Ever since Congress and the White House put caps on federal spending starting in 2013, there have been calls to lift them for the Pentagon. The military’s pain has so become acute, both lawmakers and generals are now warning the cuts could kill more American troops in wartime—and already are killing more in peacetime, because of a lack of training.
“Our nation will deploy young Americans into battle without sufficient training or equipment to fight a war that will take longer, be larger, cost more and ultimately claim more American lives than it otherwise would have,” Senator John McCain, the Arizona Republican who chairs the armed services committee, said Thursday.
But it’s also a peacetime problem, far from the danger zones in Afghanistan and Iraq. Last year, 12 non-combat helicopter crashes killed 30 troops. Twelve more perished in January when two Marine CH-53s collided off Hawaii during a night-time training mission. Most of the deaths, including those in Hawaii, occurred during training missions. Funding for such missions has been cut in recent years as money has been funneled to units readying for deployment to war zones instead.

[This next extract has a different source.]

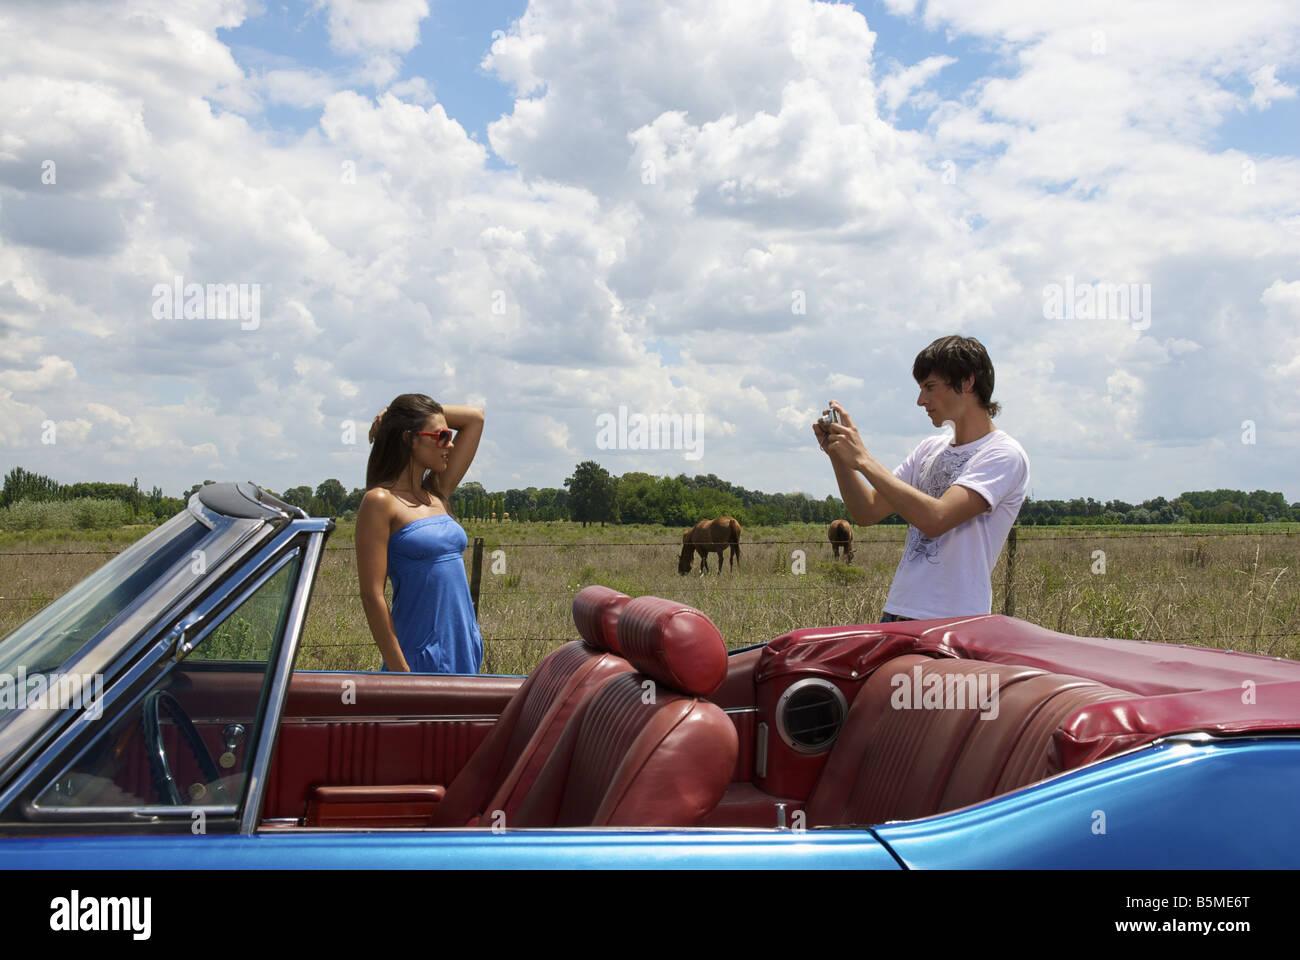 Un jeune couple taking pictures Photo Stock

The Marine Corps’ Class A mishap rate—any crash that has injured or killed someone, or destroyed an aircraft—has jumped from 2.15 per 100,000 flying hours for much of the past decade to 2.67 in 2014 and 3.96 so far in 2016. Rep. Mac Thornberry, the Texas Republican who chairs the House Armed services committee, asked General Robert Neller, the Marine commander, about the rise at a Wednesday hearing. “We track this very closely,” Neller told him. “The simple fact is that we don’t have enough airplanes to meet the training requirements for the entire force.”
The Army faces a similar problem. “Aircraft accidents have increased and we are very concerned about it,” General Mark Milley, the Army chief of staff, said at the same hearing, according to Stars and Stripes. The service wants to boost monthly flying hours per pilot from 10 to 12 to increase training. “Ideally we want them [boosted] to 14-15 hours per month, but we can’t get there with the budget.”
The generals aren’t crying wolf, according to Alan Diehl, a long-time military-aviation accident investigator. “I think the generals are correct about funding limitations being a factor in their increased mishap rates,” says Diehl, a former Air Force Safety Center research psychologist. “Most of these mishaps have involved helicopters and have occurred during night ops, and require skills that can quickly deteriorate when not frequent practiced.”
A retired Navy aviator agrees, and says civilian leaders—both in Congress and at the White House—are to blame. “The Army and Marine Corps general officers are siding squarely with their subordinates, and laying the blame for the increased mishap rates directly at the feet of the civilian authorities,” says Chris Harmer, now an analyst at the Institute for the Study of War. Commanders are cutting training in favor of procurement and combat, he says, and as long as that continues, “we will see excess pilot mortality in the short term, and increased risk of inadequately-trained and -maintained forces in the long term.”
Using the prospect, or fact, of dead Americans is a long-standing tradition in Pentagon budget wars. But when you’ve got 1.4 million troops training with huge machines moving at high speeds, there are going to be casualties. The Pentagon always insists that any peacetime death is unacceptable. But the military routinely deploys weapons that could be made safer, or funds training at lower levels that makes operating aircraft and other weapons more dangerous.
The key question always has been when do those levels become unacceptable, and to what degree can more spending make such operations safer. The caps were imposed by Congress and the White House, and can be lifted by them, as well. But enough lawmakers believe the spending limits are the only thing restraining the growth of the national debt, which now stands at $19 trillion.
On Thursday, McCain criticized Defense Secretary Ash Carter and Marine General Joseph Dunford, chairman of the Joint Chiefs of Staff, for endorsing defense budgets that are sapping U.S. military readiness. Dunford, nicknamed “Fighting Joe” for his command of the 5th Marine Regiment during the 2003 invasion of Iraq, countered with a rhetorical jab of his own. “We have made the best decisions that we can,” he said, “within the top-line that we were given from Congress.”